§ Task prompt
When you reproduce the data, keep every word exactly as it stands and leave the pictures out.

§ The data
--- START ---

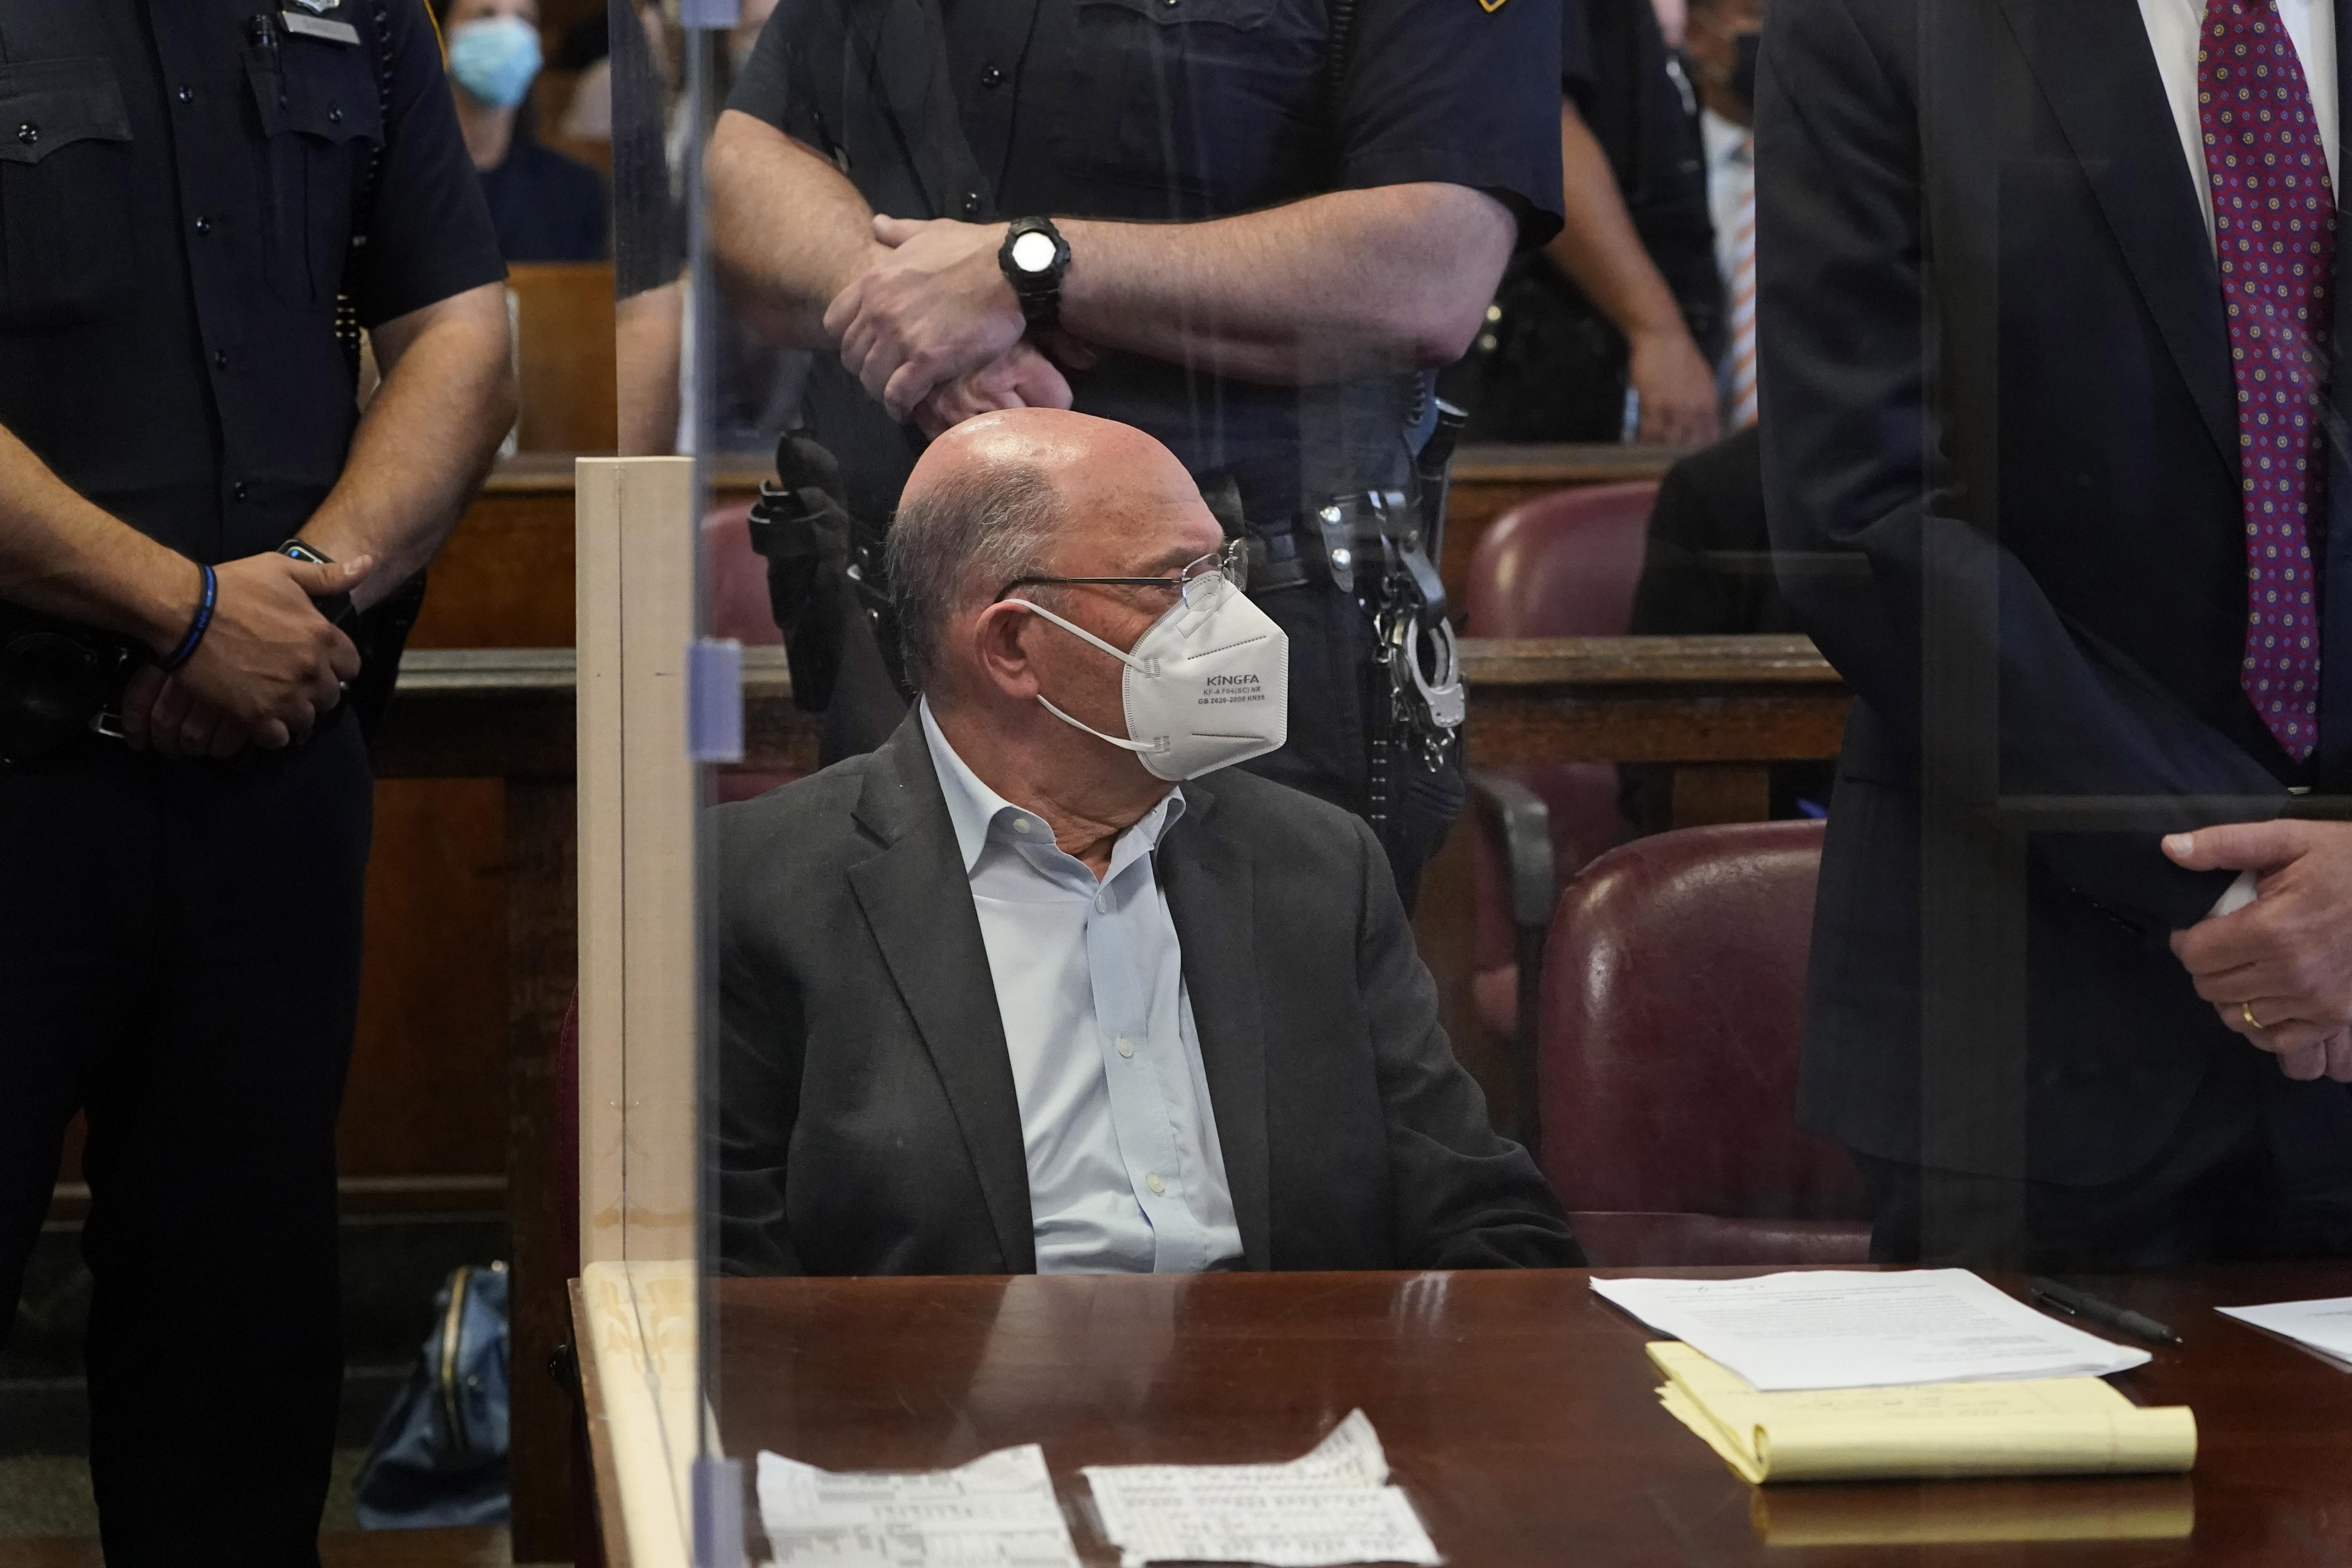 Weisselberg wears a mask and a gray suit, sitting in the courtroom.
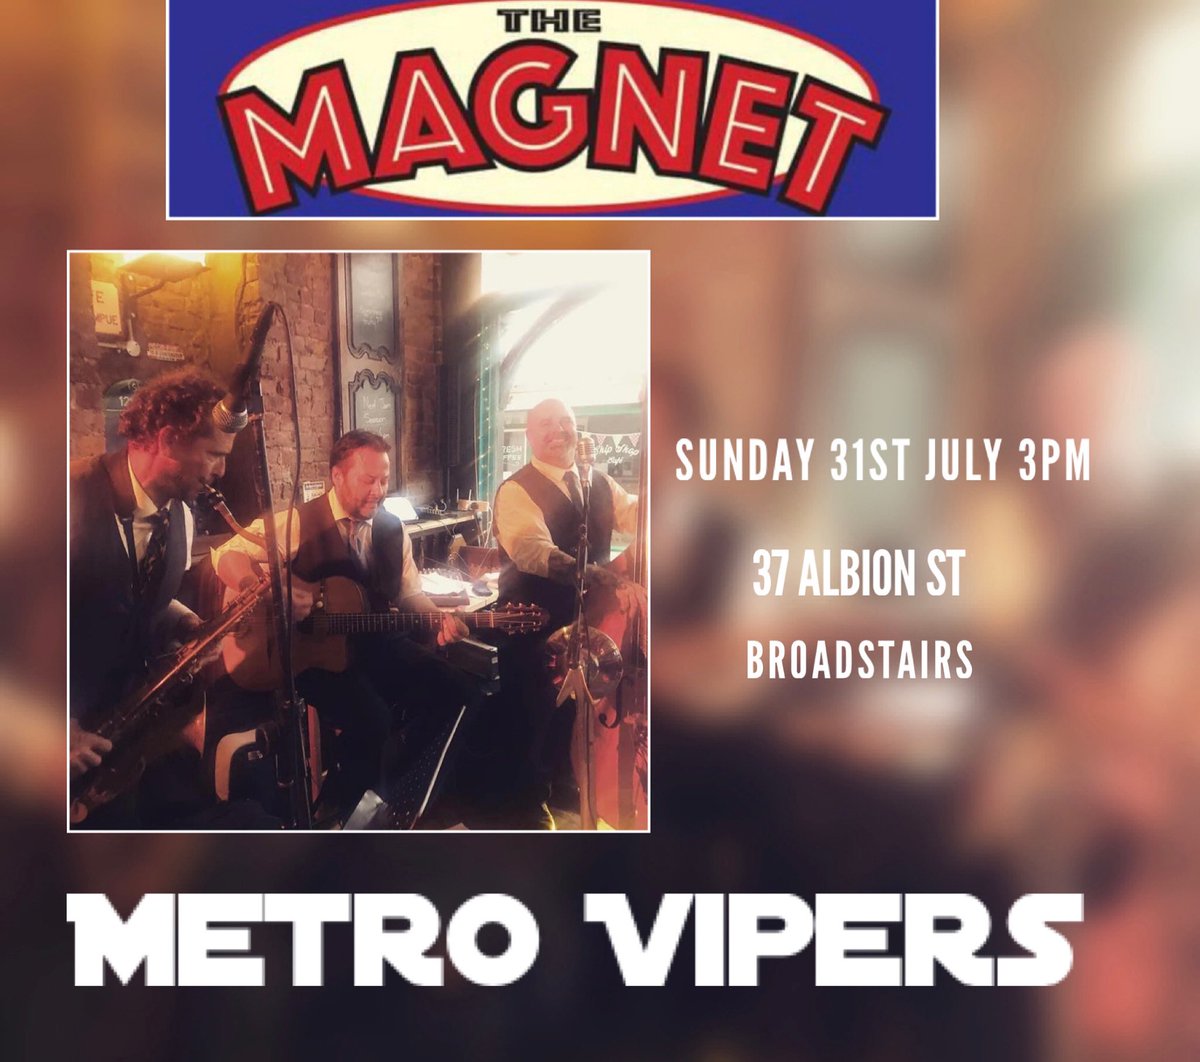 This Sunday 31st July at @Themagnetmicro1 in #Broadstairs from 3pm, we’ll be playing tunes that some of you may recognise but wish you hadn’t. #gypsyswing #rocknroll #gypsyjazz #swingjazz #kent #acousticguitar #doublebass #clarinet #saxophone #vocalharmony #broadstairskent
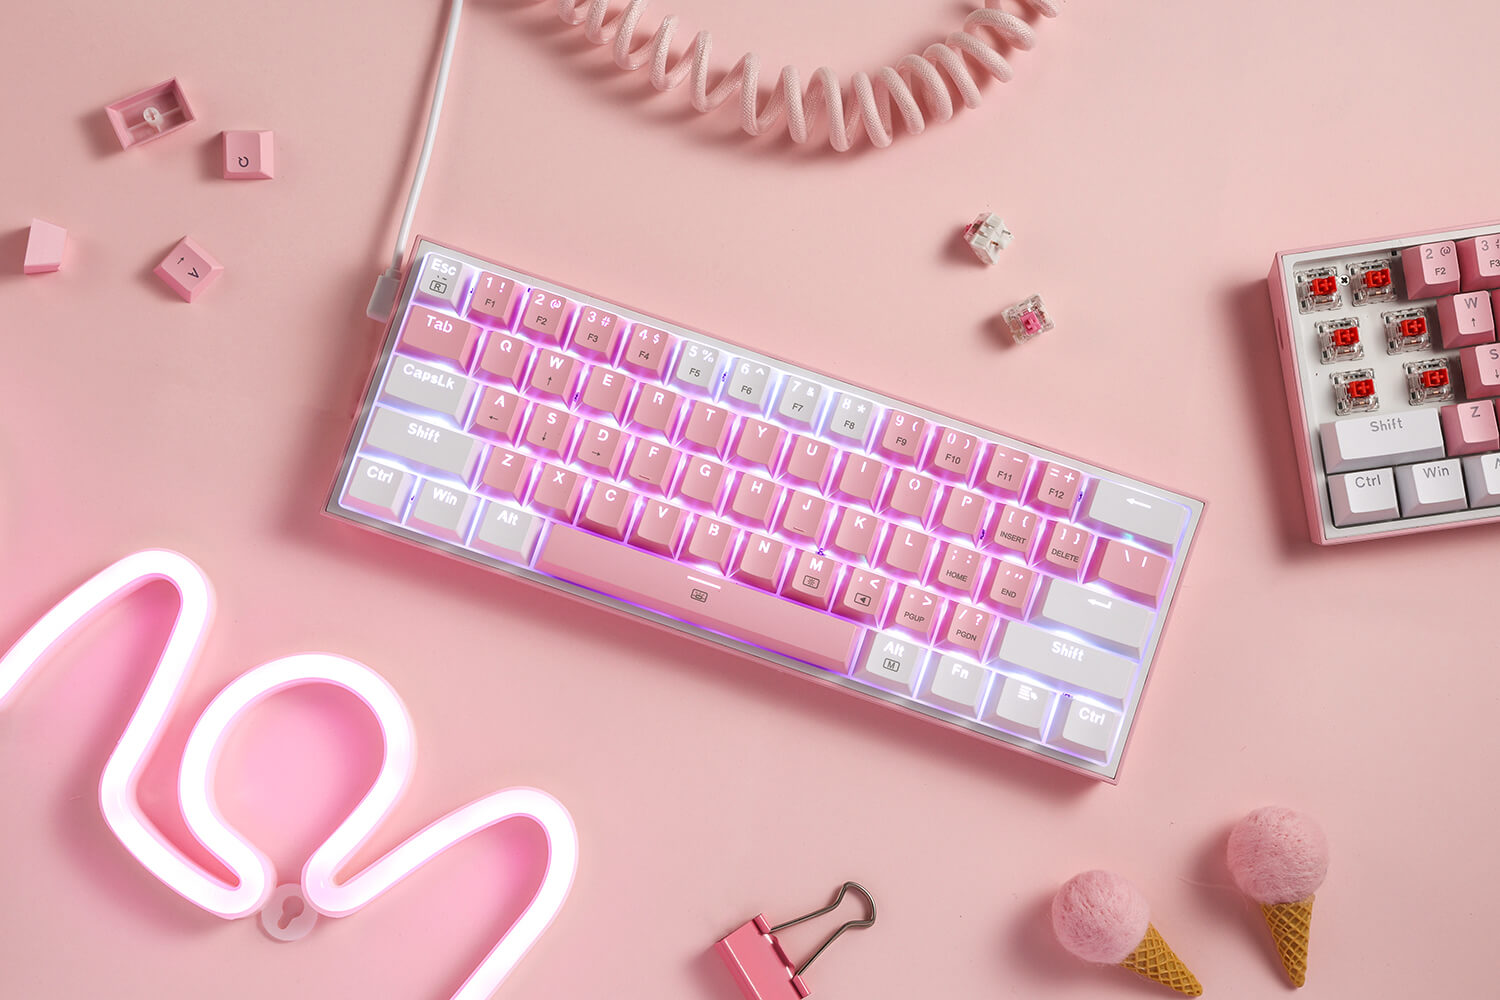 61 Keys Compact Mechanical Keyboard wWhite and Pink Color Keycaps.JPG
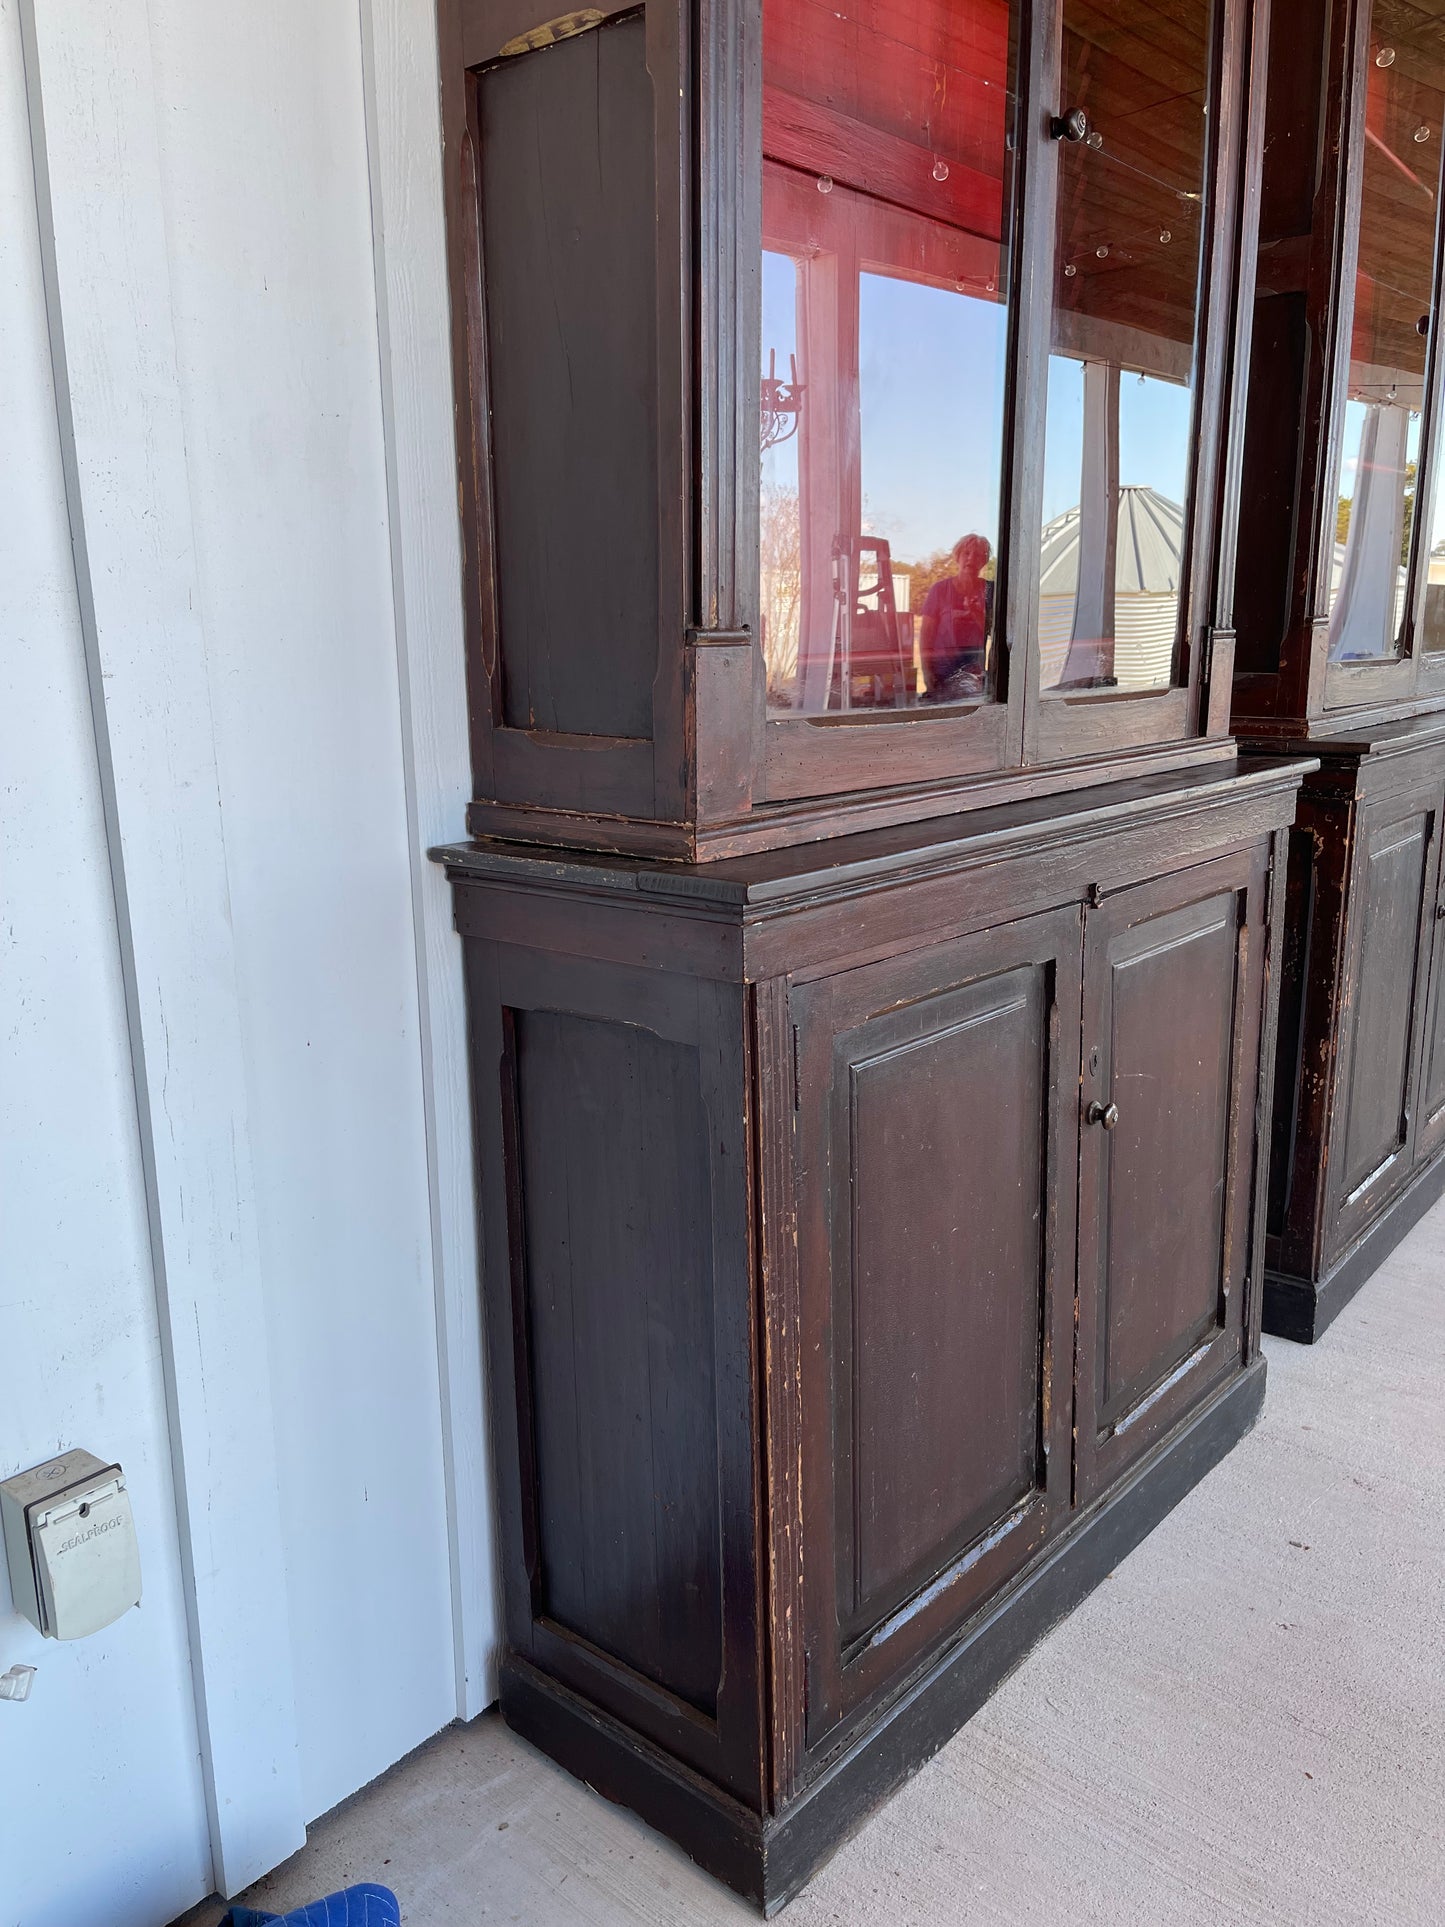 French Pharmacy Cabinets with Original Paint 1860

--- END ---

§ Reply
 Weisselberg wears a mask and a gray suit, sitting in the courtroom.
 This Sunday 31st July at @Themagnetmicro1 in #Broadstairs from 3pm, we’ll be playing tunes that some of you may recognise but wish you hadn’t. #gypsyswing #rocknroll #gypsyjazz #swingjazz #kent #acousticguitar #doublebass #clarinet #saxophone #vocalharmony #broadstairskent
 61 Keys Compact Mechanical Keyboard wWhite and Pink Color Keycaps.JPG
 French Pharmacy Cabinets with Original Paint 1860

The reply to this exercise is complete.